2. @POST /path/abc including JSON payload containing all ids. { ids: [1, 2, 3] }

How bad this is and which option is preferable? Any alternatives?

Update: Please note that performance is a key here, it is not an option execute delete operation for each individual id.

Wild Goat
  • 3,509
  • 12
  • 46
  • 87
  • 1
    Both are inadvisable, since http methods in batch where part of the batch fails will be problematic in returning the resulting http status code. The alternative would be for the client to be responsible for the batch operation. – Mr. Wrong Apr 04 '19 at 11:49
  • @Mr.Wrong how client could be responsible for batching? The whole point of batching is to optimize a process over than execute requests one by one. – Wild Goat Apr 04 '19 at 12:54
  • In addition to what Mr. Wrong stated, your two proposals will prevent a(n intermediary) cache from invalidating any of the stored response representations for the invoked URI, which is basically a cache-key including any path, matrix or query parameters. A request for `GET /path/abc?itemId=1` therefore might still get served by a cache rather then get served by the actual server even though the actual resource might already got deleted via batch. – Roman Vottner Apr 04 '19 at 13:03
  • @RomanVottner Not sure about that, this is the same as having any other MUTATION operation. If you add multiple items into the category "A" cache for that category "A" has to be refreshed. Same thing with delete. If you follow your logic means that you can't use REST for bulk operations at all. – Wild Goat Apr 04 '19 at 13:30
  • @WildGoat While [RFC 7234](https://tools.ietf.org/html/rfc7234#section-4.4) talks about invalidating any cached information if a mutating operations is performed, a cache uses the [effective request URI](https://tools.ietf.org/html/rfc7230#section-5.5) to determine the target resource. Usually adding new items to a collection happens via `POST /path/to/collections` whereas retrieval of a specific item happens via `GET path/to/collections/item` which is a different key than the one you used for storing new items. Updating or deleting that specific item will invalidate the cache however OOTB. – Roman Vottner Apr 04 '19 at 13:52
  • @WildGoat ... though neither of your suggestion target that particular URI of the concrete item but only the one of the "collection" managing the item. While caching is [optional](https://tools.ietf.org/html/rfc7234#section-2) in regards to HTTP, Fielding made caching actually [a constraint of REST](https://en.wikipedia.org/wiki/Representational_state_transfer#Cacheability) which therefore should be supported by your applications. – Roman Vottner Apr 04 '19 at 14:00

3 Answers3

21

Along the years, many people fell in doubt about it, as we can see in the related questions here aside. It seems that the accepted answers ranges from "for sure do it" to "its clearly mistreating the protocol". Since many questions was sent years ago, let's dig into the HTTP 1.1 specification from June 2014 (RFC 7231), for better understanding of what's clearly discouraged or not.

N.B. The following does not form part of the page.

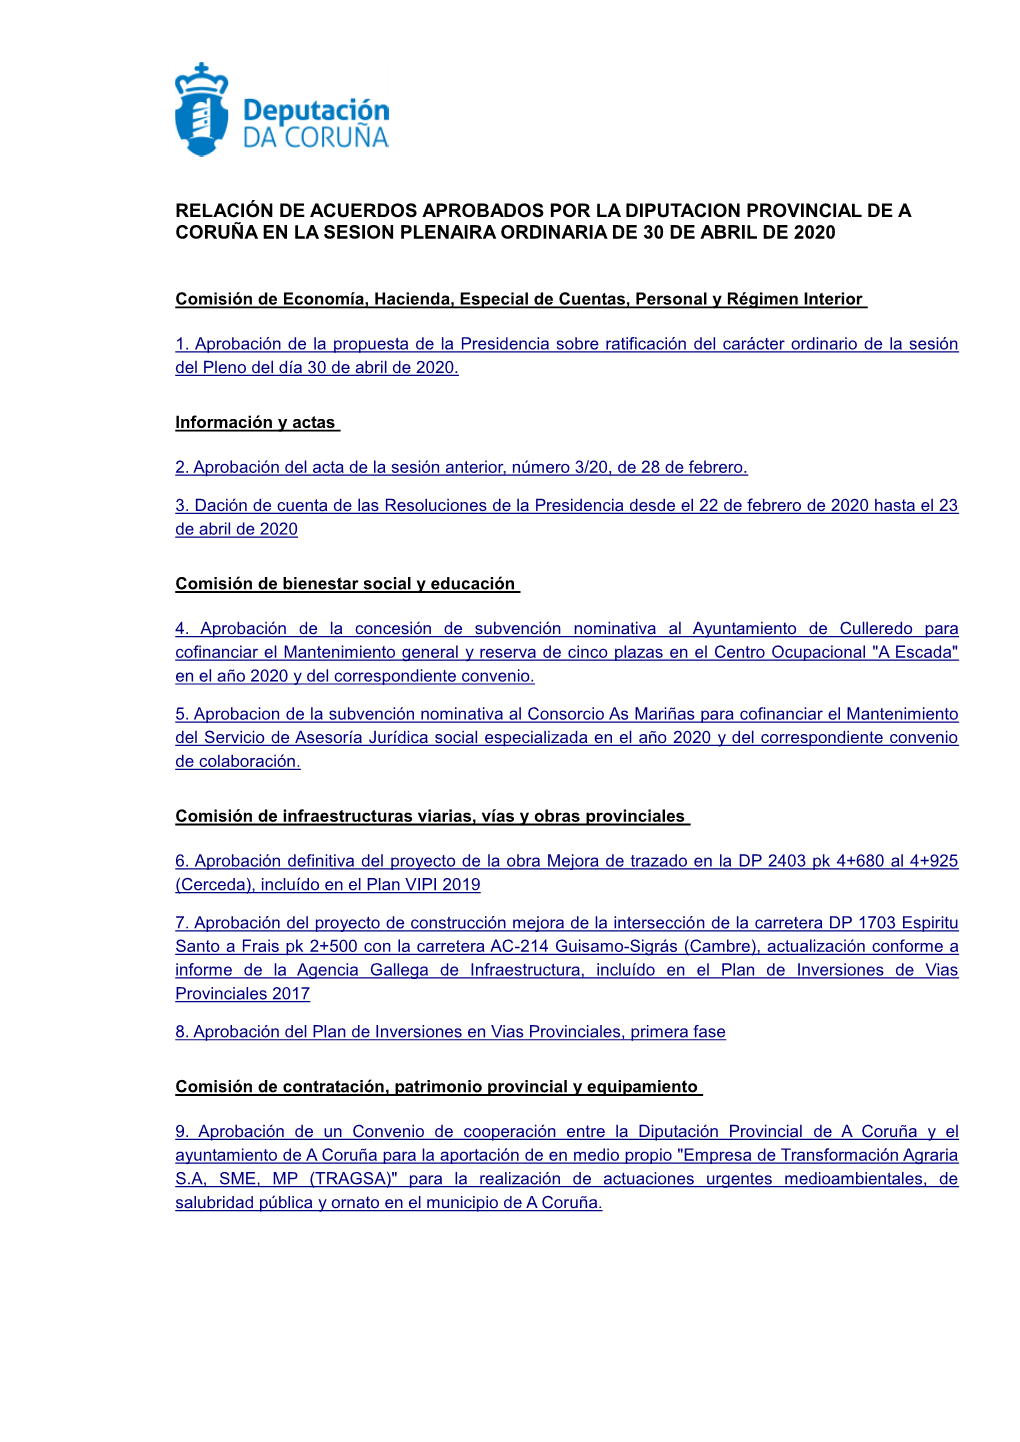 Relación De Acuerdos Aprobados Por La Diputacion Provincial De a Coruña En La Sesion Plenaira Ordinaria De 30 De Abril De 2020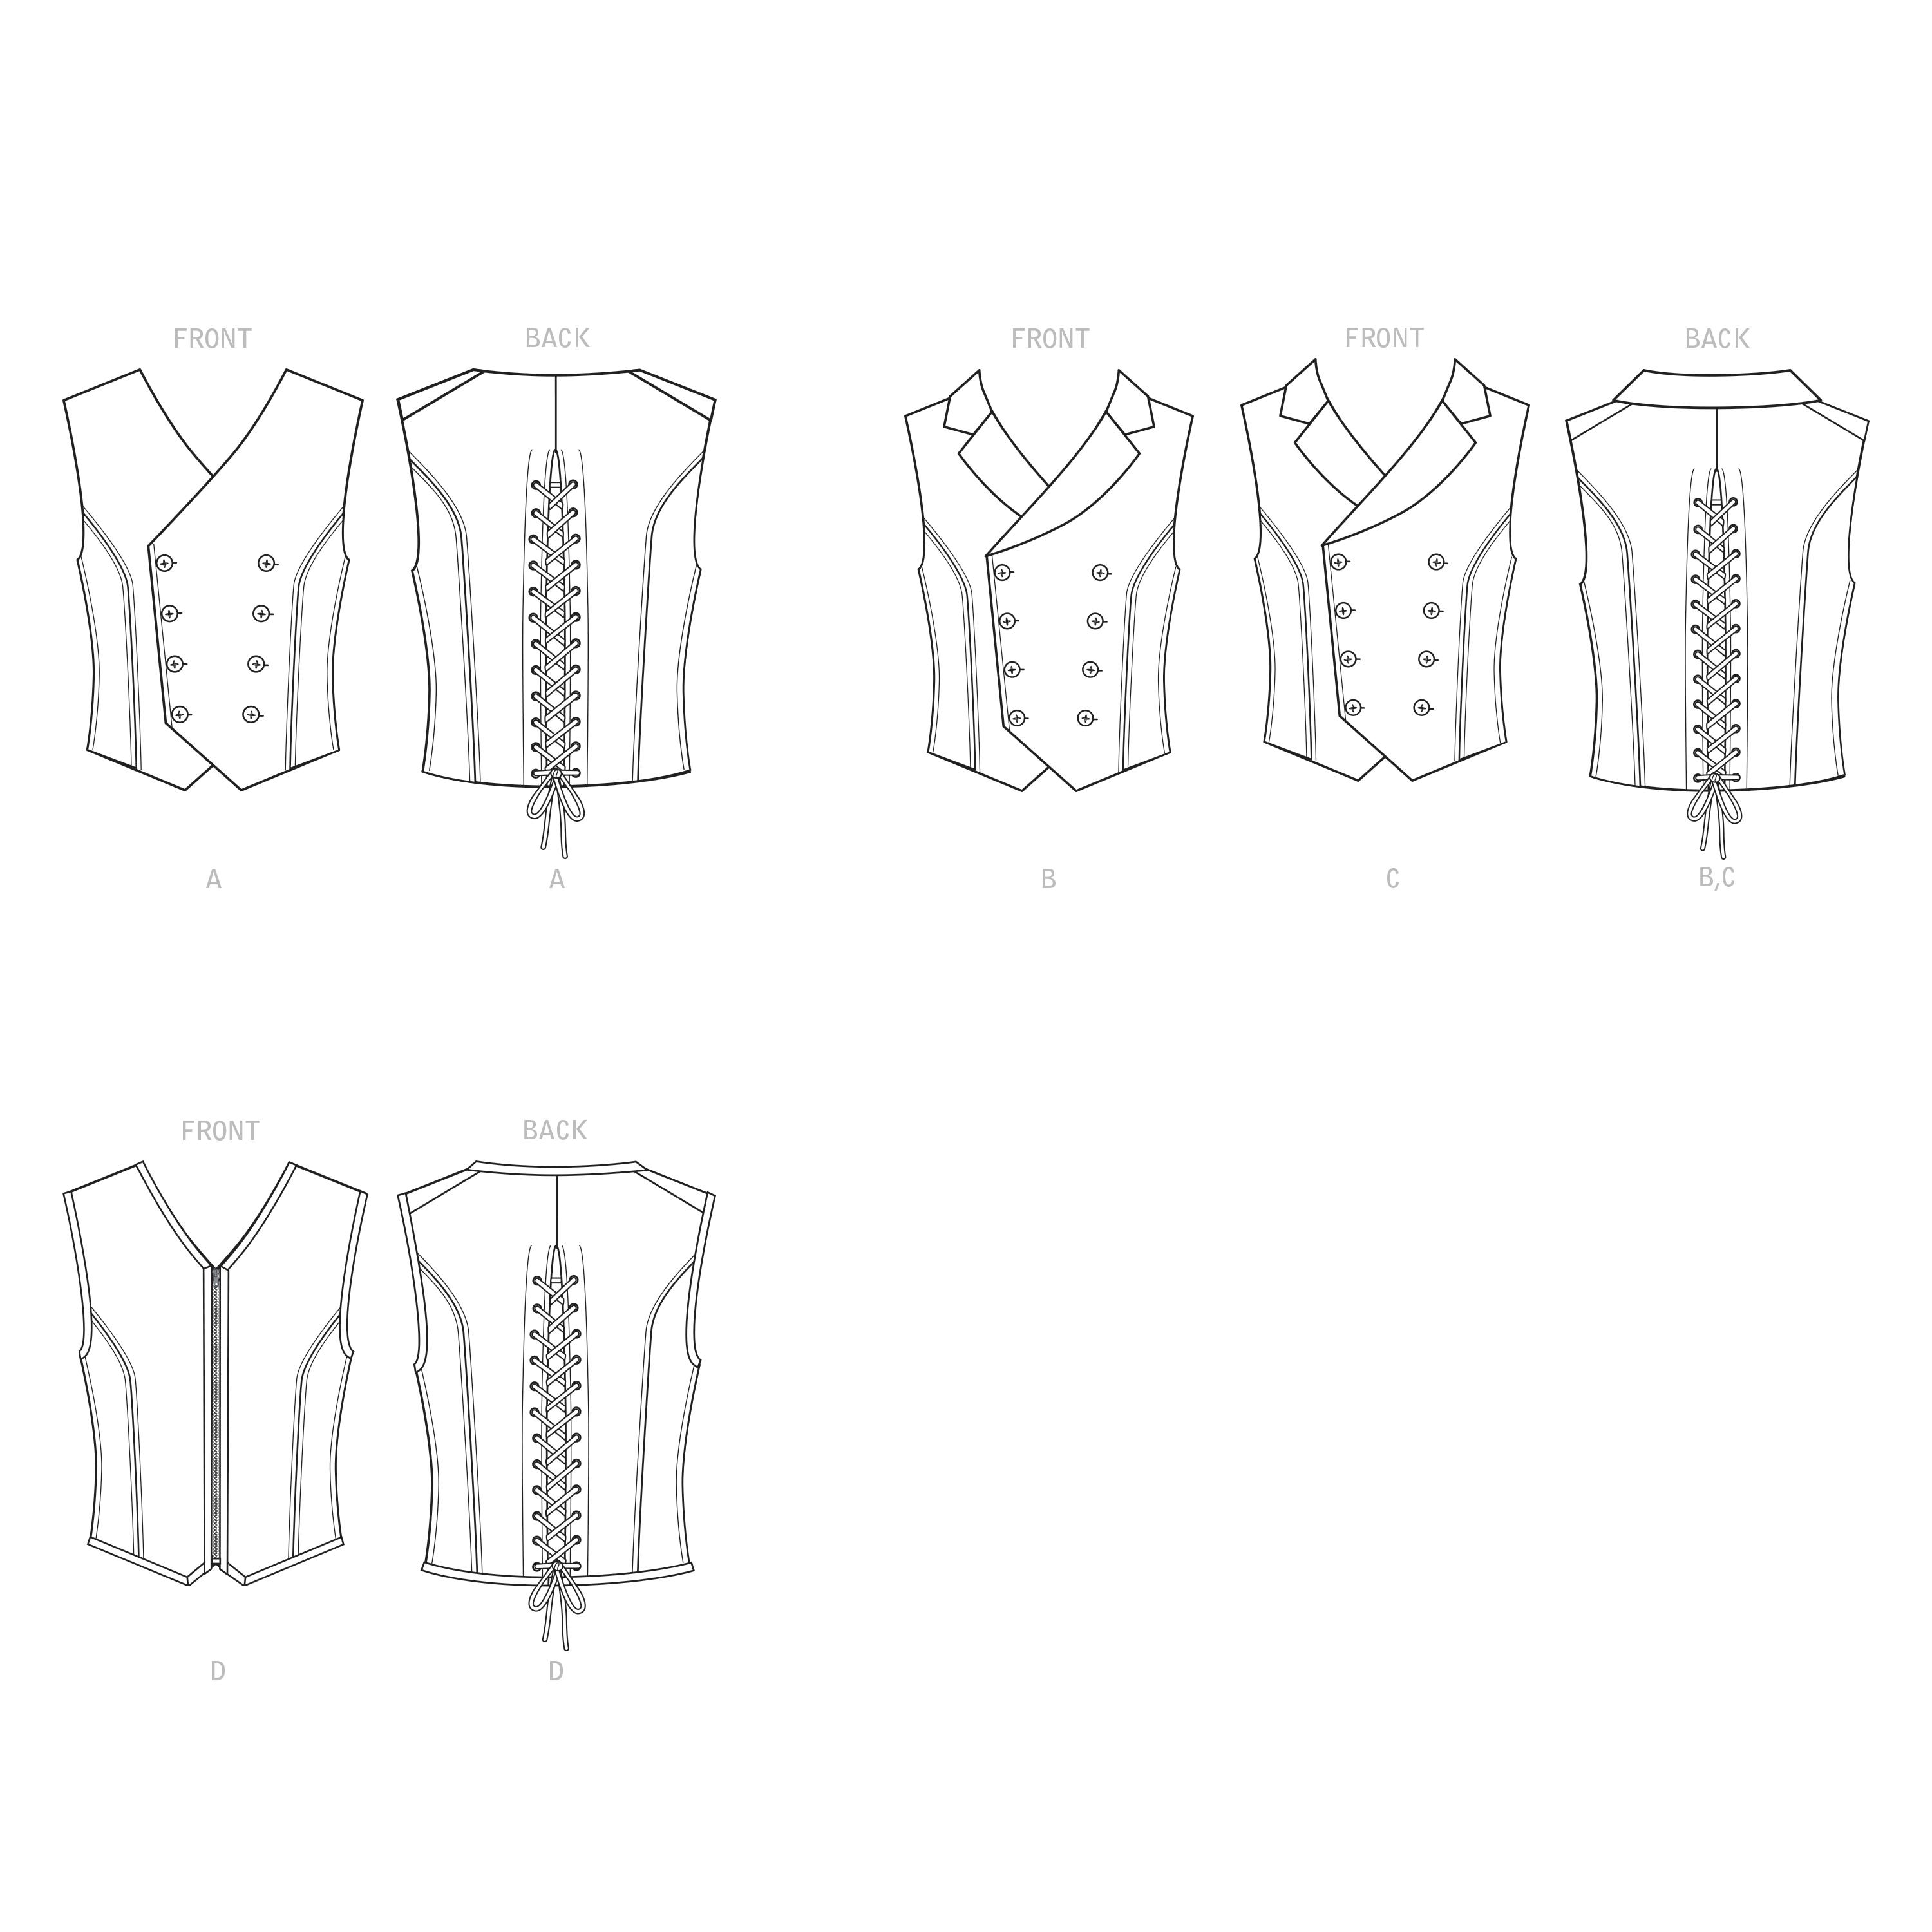 Simplicity S9087 Men's Steampunk Corset Vests

The first proposed workaround:

First, about resources and the URI itself on Section 2:

The target of an HTTP request is called a "resource". HTTP does not limit the nature of a resource; it merely defines an interface that might be used to interact with resources. Each resource is identified by a Uniform Resource Identifier (URI).

Based on it, some may argue that since HTTP does not limite the nature of a resource, a URI containing more than one id would be possible. I personally believe it's a matter of interpretation here.

About your first proposed workaround (DELETE '/path/abc?itemId=1&itemId=2&itemId=3') we can conclude that it's something discouraged if you think about a resource as a single document in your entity collection while being good to go if you think about a resource as the entity collection itself.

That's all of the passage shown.